🤖 AI Summary
Unsupervised image classification suffers from insufficient synergy between representation learning and clustering, with existing methods often neglecting feature diversity under frozen backbone models. This paper proposes a multi-head clustering framework featuring three key innovations: (1) adaptive nearest-neighbor selection to dynamically optimize similarity metrics; (2) a clustering ensemble mechanism that resolves inter-head conflicts to generate robust consensus pseudo-labels; and (3) a lightweight classifier training paradigm guided solely by pseudo-labels. Crucially, the method requires no fine-tuning of the backbone network. It achieves, for the first time in fully unsupervised settings, 70.4% top-1 accuracy on ImageNet, and 99.3% and 89.0% on CIFAR-10 and CIFAR-100, respectively. The approach outperforms prior work across all ten benchmark datasets, substantially narrowing the performance gap with supervised counterparts.
📝 Abstract
Unsupervised image classification, or image clustering, aims to group unlabeled images into semantically meaningful categories.

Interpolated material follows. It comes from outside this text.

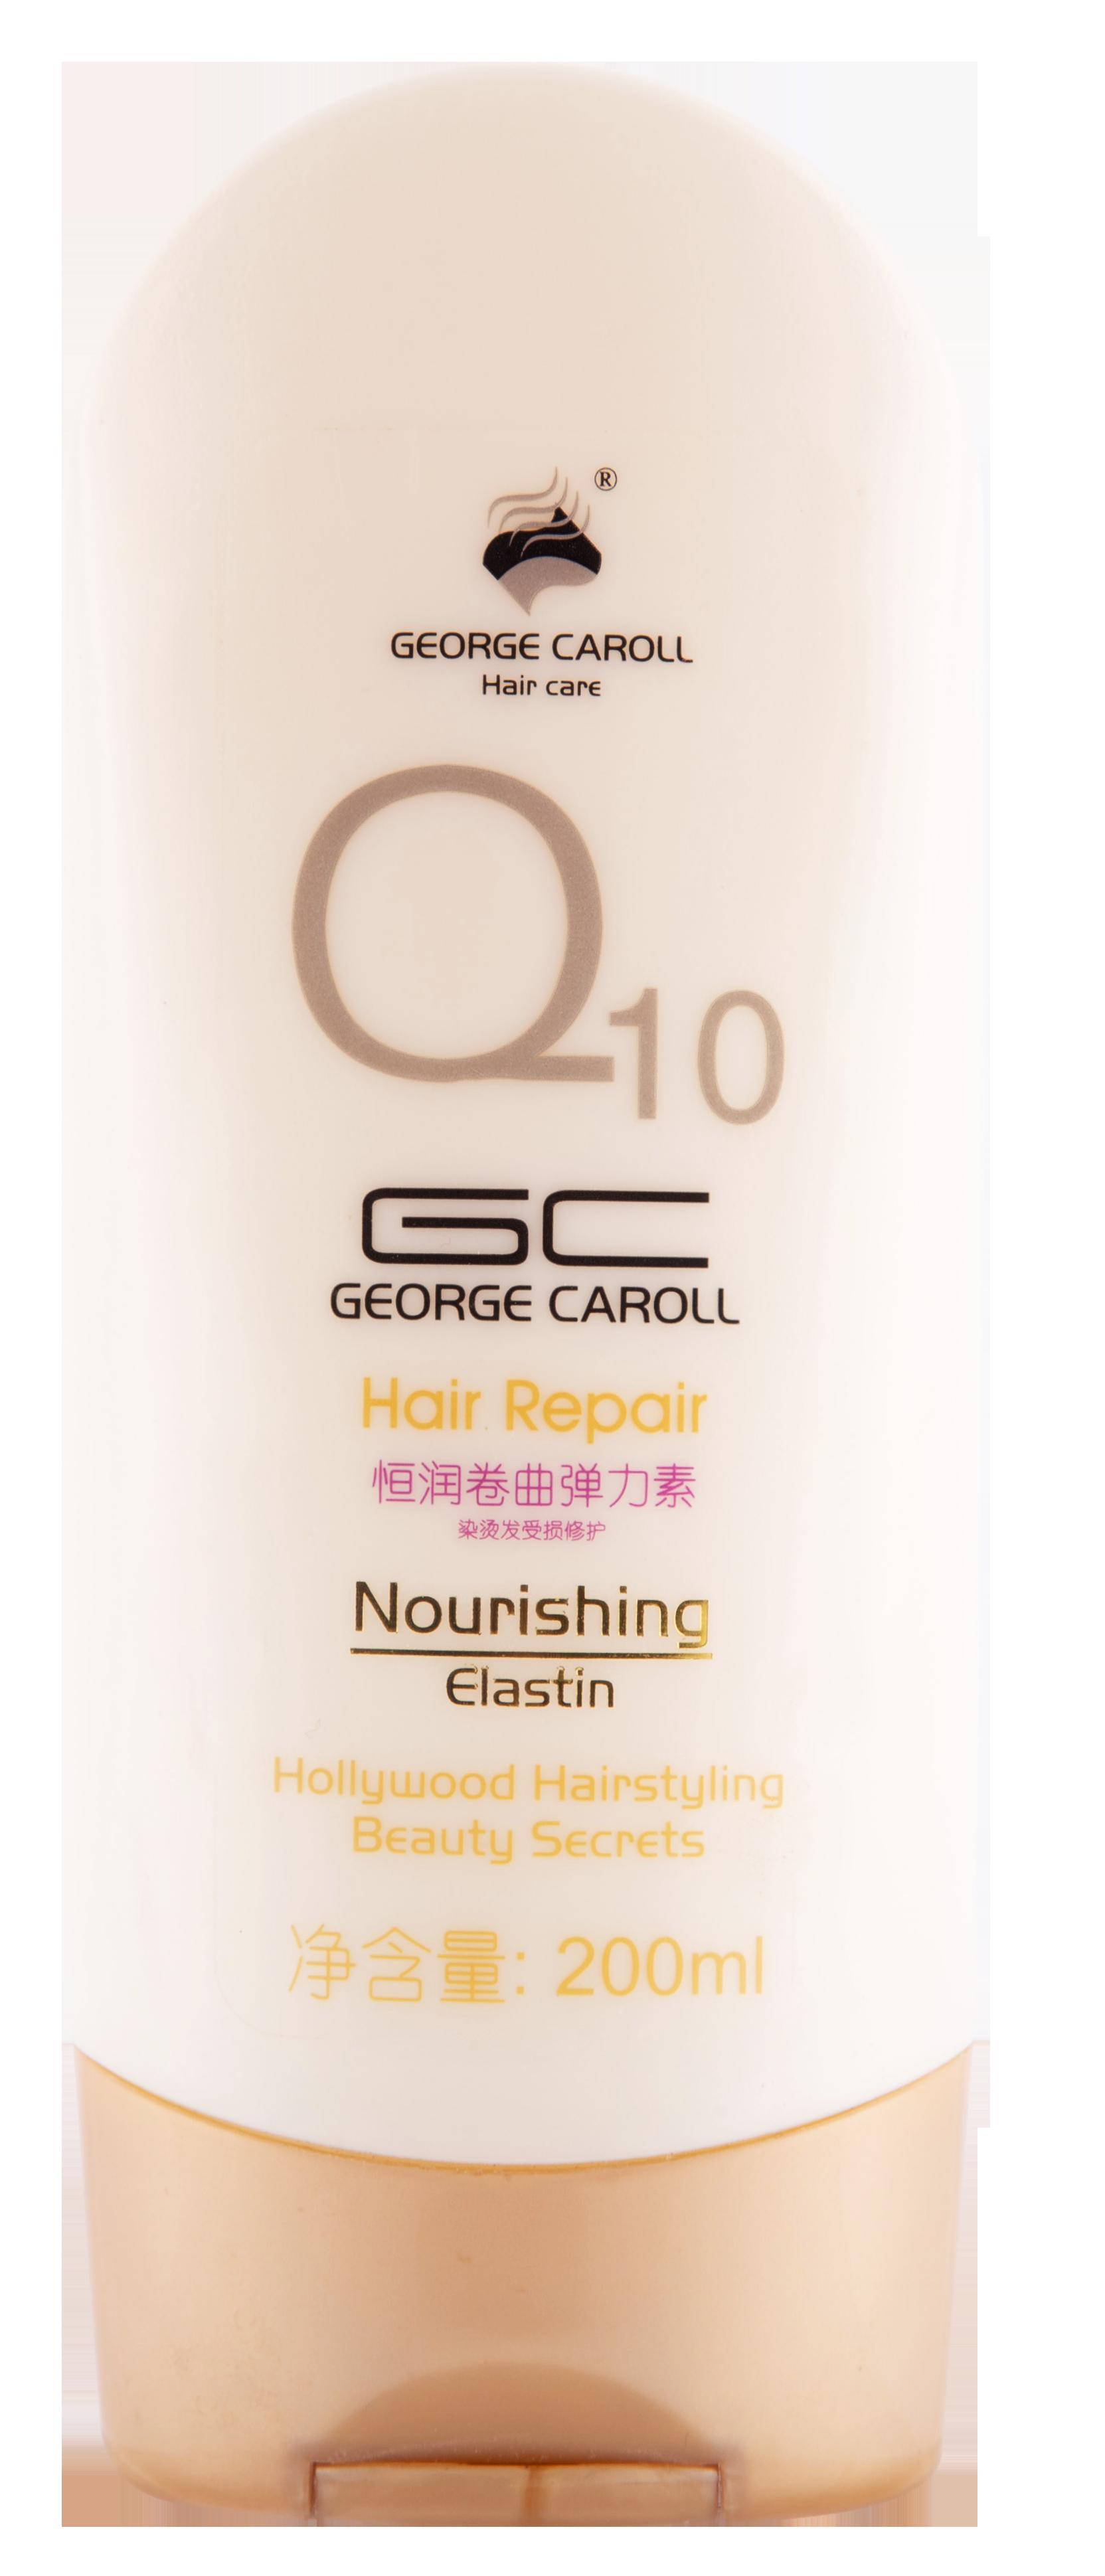 Elastina de Nouishing, juego de cabello, para cabello rizado, CUIDADO HIDRATANTE del cabello, crema rizadora de mejora de larga duración, reparación del cabello
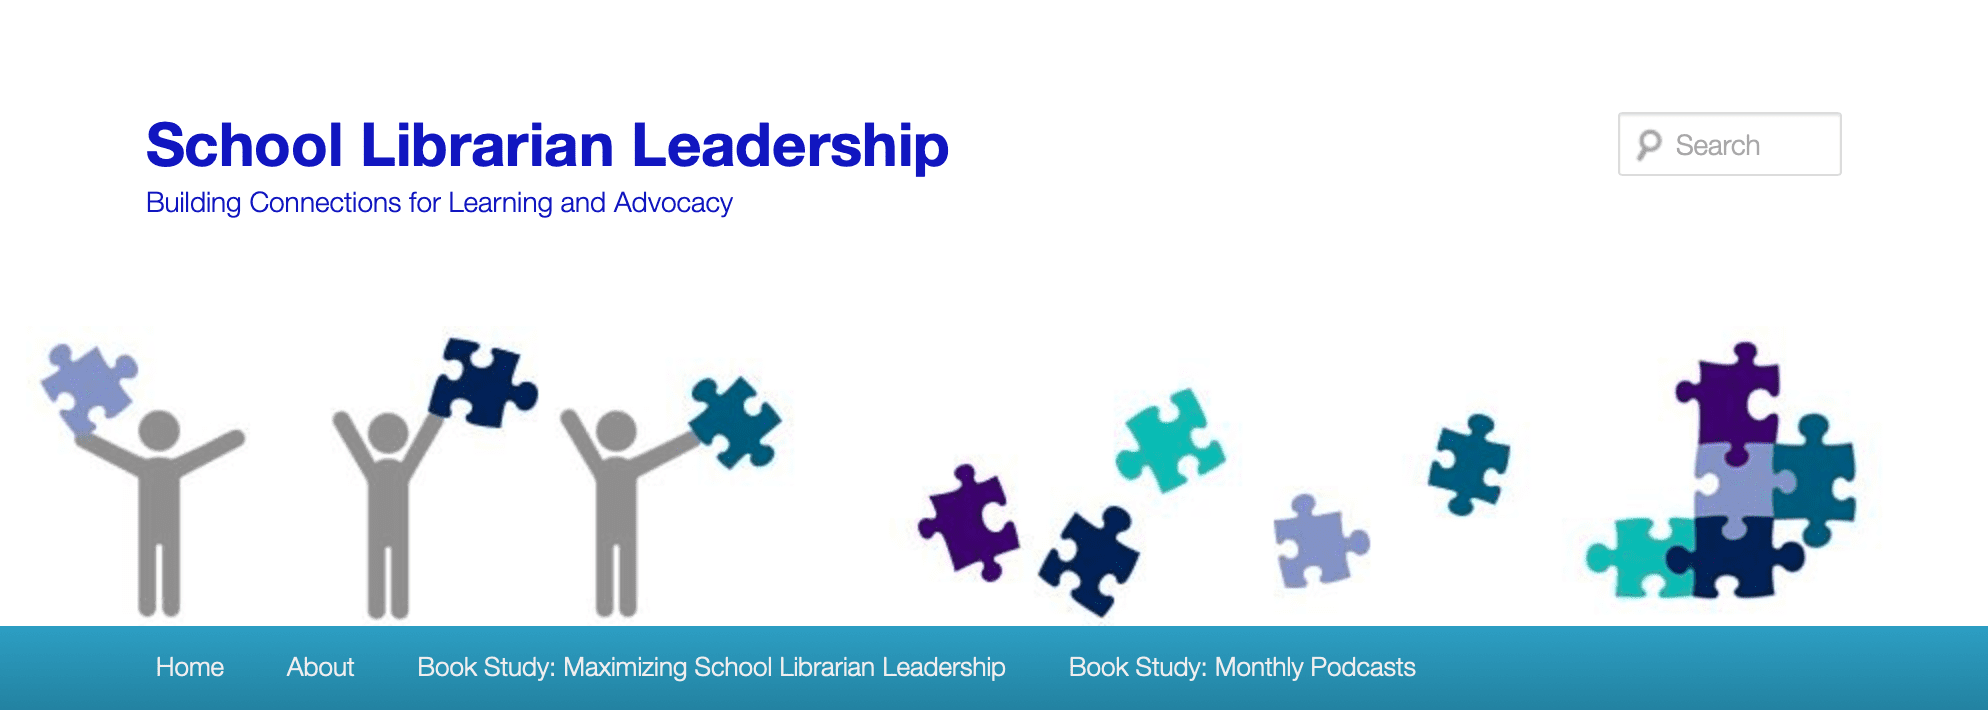 Blog | School Librarian Leadership Newsroom

Early methods integrated representation learning and clustering within an iterative framework. However, the rise of foundational models have recently shifted focus solely to clustering, bypassing the representation learning step. In this work, we build upon a recent multi-head clustering approach by introducing adaptive nearest neighbor selection and cluster ensembling strategies to improve clustering performance. Our method, "Image Clustering through Cluster Ensembles" (ICCE), begins with a clustering stage, where we train multiple clustering heads on a frozen backbone, producing diverse image clusterings. We then employ a cluster ensembling technique to consolidate these potentially conflicting results into a unified consensus clustering. Finally, we train an image classifier using the consensus clustering result as pseudo-labels. ICCE achieves state-of-the-art performance on ten image classification benchmarks, achieving 99.3% accuracy on CIFAR10, 89% on CIFAR100, and 70.4% on ImageNet datasets, narrowing the performance gap with supervised methods. To the best of our knowledge, ICCE is the first fully unsupervised image classification method to exceed 70% accuracy on ImageNet.